Heirloom Tomatoes Contain Health Benefits and Taste Best Fresh from the Garden
Armed with a salt shaker, I head out to the garden to perform one of the most luscious and exciting acts of the growing season: eating the first warm, ripe red tomato.
The tomato, called tomatl by the Aztecs, was grown by the Inca and Aztec people as early as 700 a.d. The Spanish introduced it to Europe in the 1500s. A member of the nightshade family, it is rich in alkaloids, which are potent, plant-based compounds that can aid in the digestion of fatty, dense proteins. Alkaloids are, however, potentially toxic to susceptible people, sometimes aggravating arthritis and causing calcium depletion and stiff joints. For this reason, tomatoes used to be thought poisonous.
Of course, they aren’t. Among other virtues, they are juicy, satisfying and quite easy to grow. Tomatoes are low in calories and contain vitamin C and several vitamin B varieties, fiber, potassium, biotin, chromium, alpha- and beta-carotene, and the antioxidant lycopene. This last substance may help fight cancers, improve heart health and protect against skin damage.
In fact, the only real debate over the tomato these days is whether it is a fruit (it has seeds) or a vegetable. For what it is worth, a late 19th century Supreme Court case that involved taxes established its botanic status as a “vegetable.”
Like potatoes, tomatoes come in various sizes, shapes and colors. To start your own tomato garden, carefully select the right variety for your climate. In the Northeast, my husband and I have had luck with Big Boy, Beefsteak and Jet Star in our outdoor garden. We have also experimented with heirloom (e.g. non-hybrid) varieties such as Cherokee Purple and Brandywine in container gardens in pots on our patio.
I enjoy them fresh or processed in homemade salsas, as a pizza or lasagna sauce, blended into a fresh-tasting ketchup, or cooked down into a hearty soup. In many recipes, tomatoes work well with the Three Sisters: squash, corn and beans.
Many tomato-based recipes make me nostalgic about memorable meals, whether due to the company or the beautifully fresh ingredients. This simple recipe for tomato soup recalls a warm memory for both reasons. One time, good friends of mine were going through difficult financial times. Still, they maintained an incredible garden. A visit at their rural home carried into lunchtime, and they invited all six of us to stay for a light lunch.
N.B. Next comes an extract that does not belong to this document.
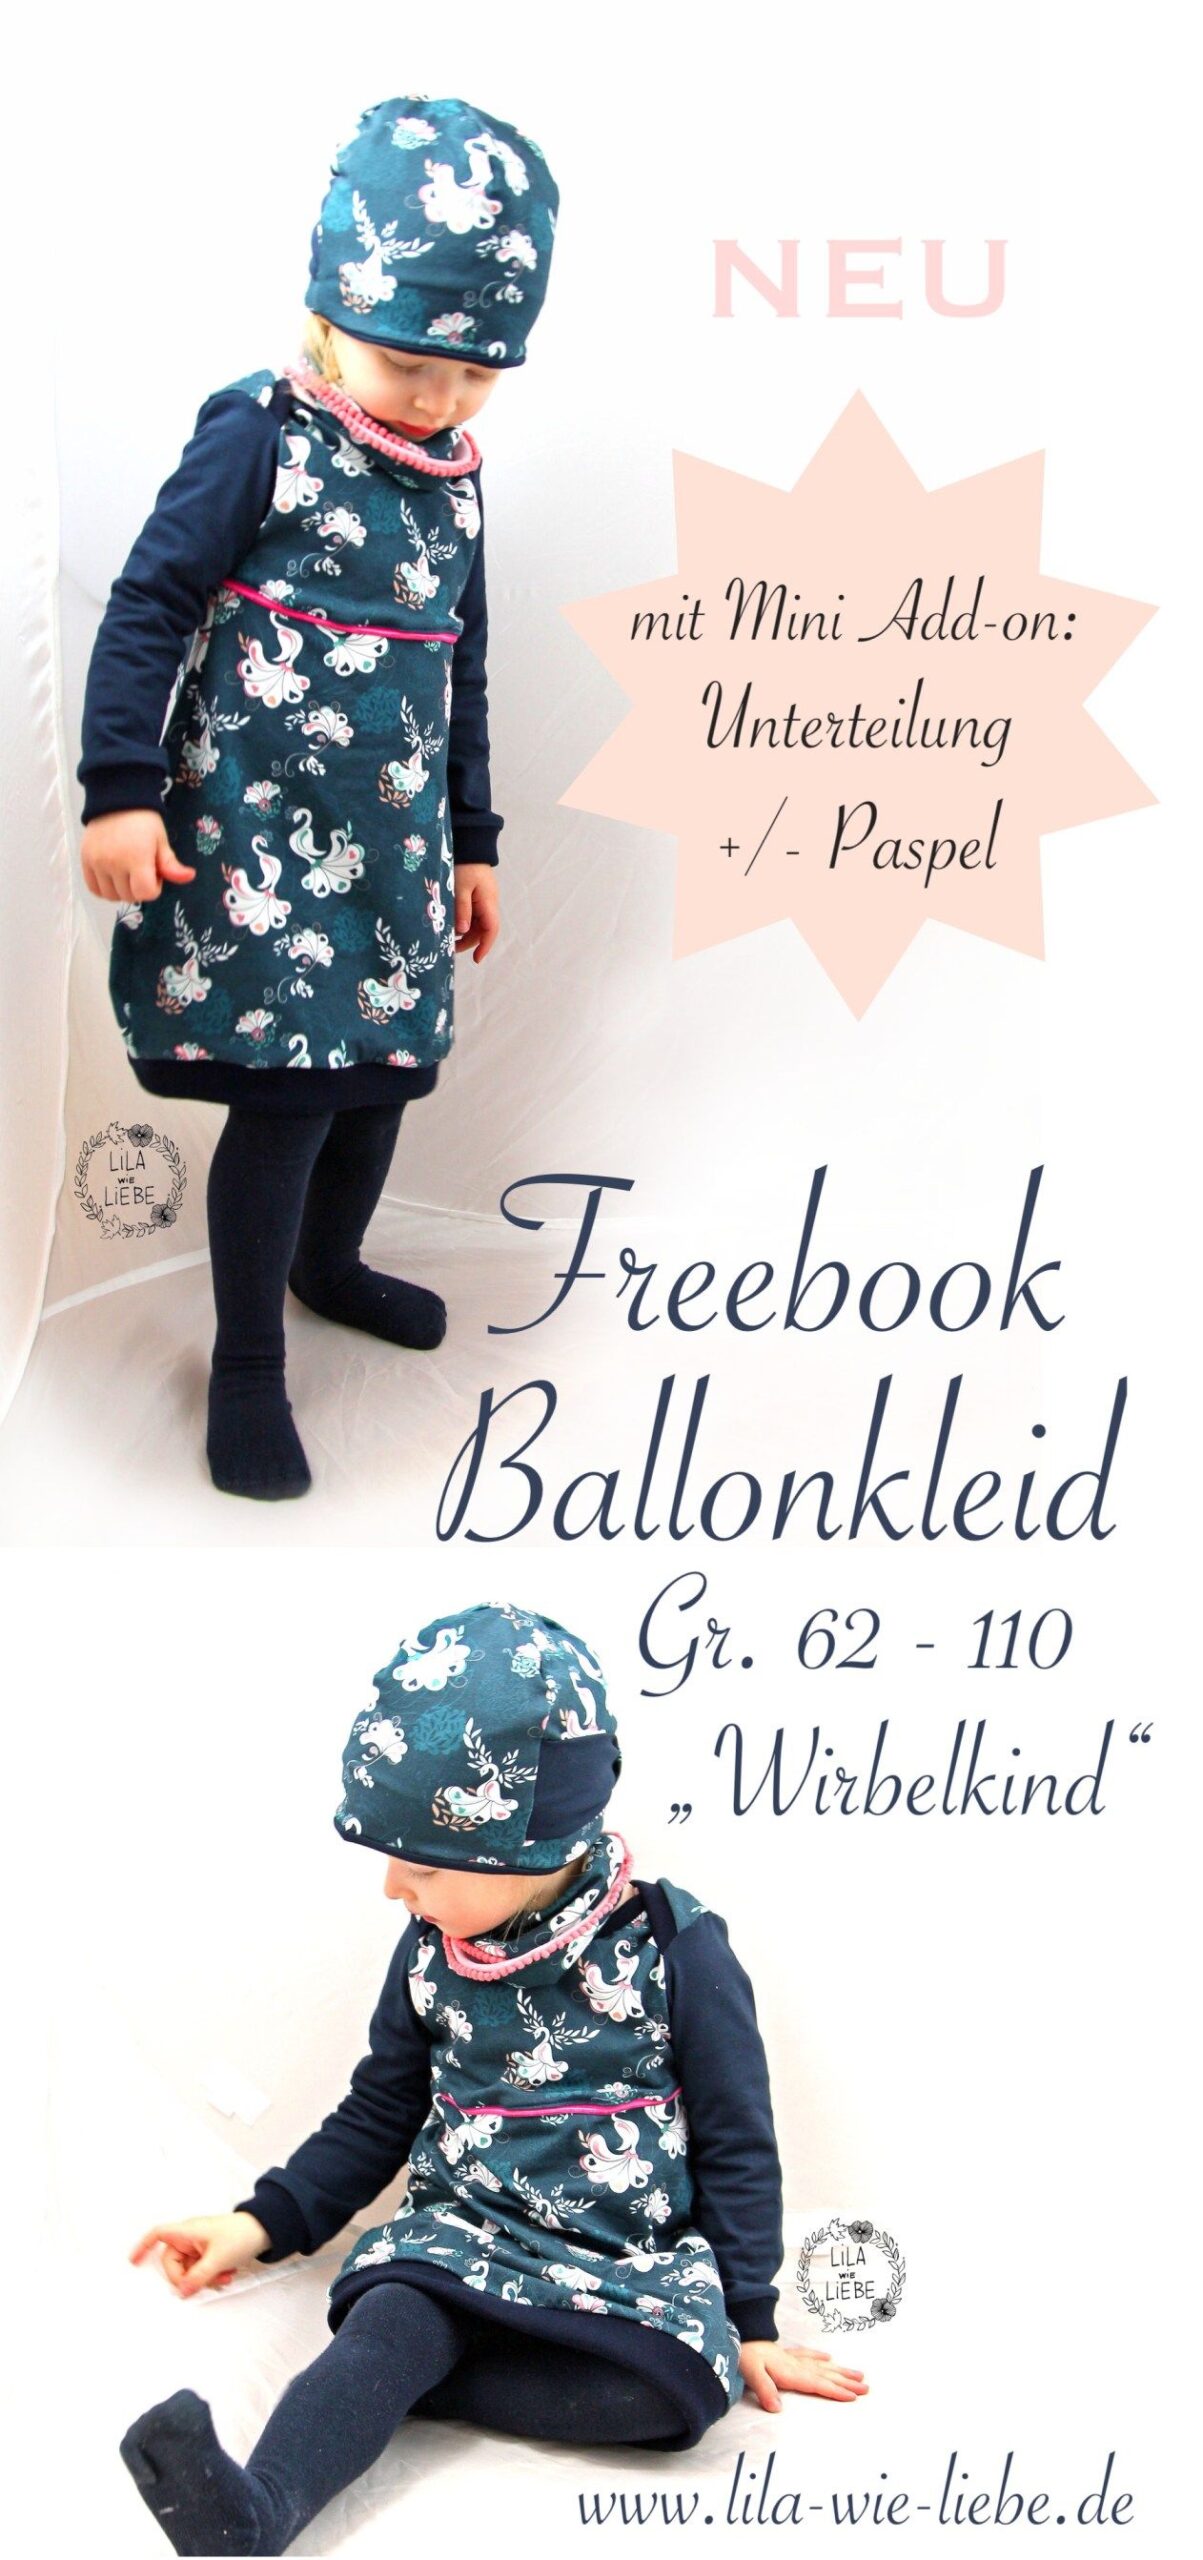 Ballonkleid "Wirbelkind" - Mini Add-On zum Freebook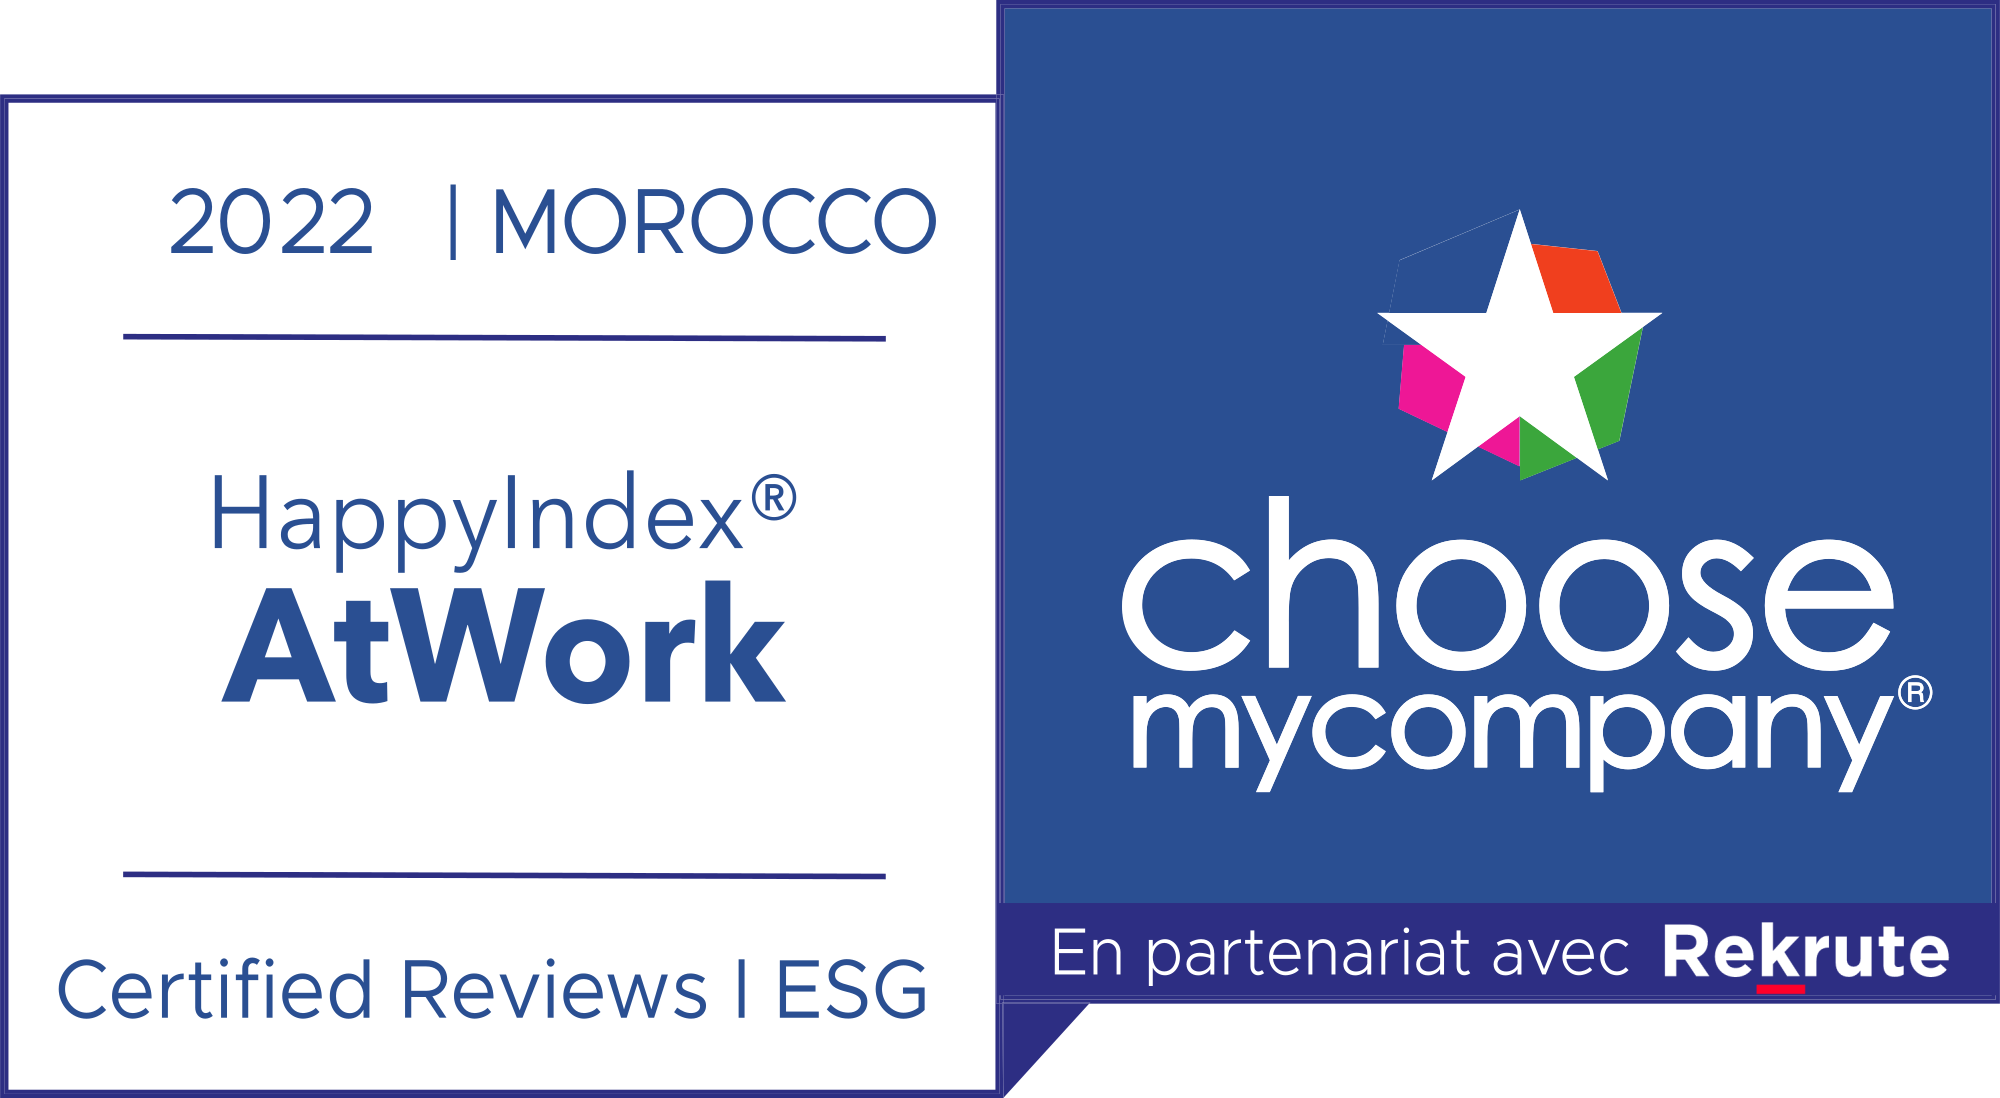 Label HappyIndex®AtWork | Morocco 2022

This tomato soup was served with crusty bread and sweet unsalted butter.
Best Tomato Soup Ever
8 ripe tomatoes, just picked, cored and cut up
2 quarts chicken broth
6 cloves of fresh garlic, minced
1 tablespoon fresh picked basil, fine chopped
Simmer all ingredients except the basil in a large soup pot and simmer until tomatoes are soft, then add basil and serve.
Sun-Dry Your Own Tomatoes
Use the sun or a low oven (200 to 225 degrees). Wash and slice any amount of almost any variety of fresh, ripe tomatoes (not cherry tomatoes, though) as thin as possible. Remove seeds if desired. Place flat on a rack on a cookie sheet, turning once, after about two hours. Roast another two hours, or four hours total.
If you are using the sun, be sure to bring the tomatoes in at night so they do not accumulate moisture. The whole process may take three to four days outside, depending on weather and climate.
When the tomatoes are dry, place them in a clean, sterilized jar and cover with olive oil before putting on the lid and refrigerating. If you wish, add a peeled clove or two of garlic and/or some fresh washed and dried basil leaves.
Dale Carson, Abenaki, is the author of three books: New Native American Cooking, Native New England Cooking and A Dreamcatcher Book. She has written about and demonstrated Native cooking techniques for more than 30 years. Dale has four grown children and lives with them and her husband in Madison, Connecticut.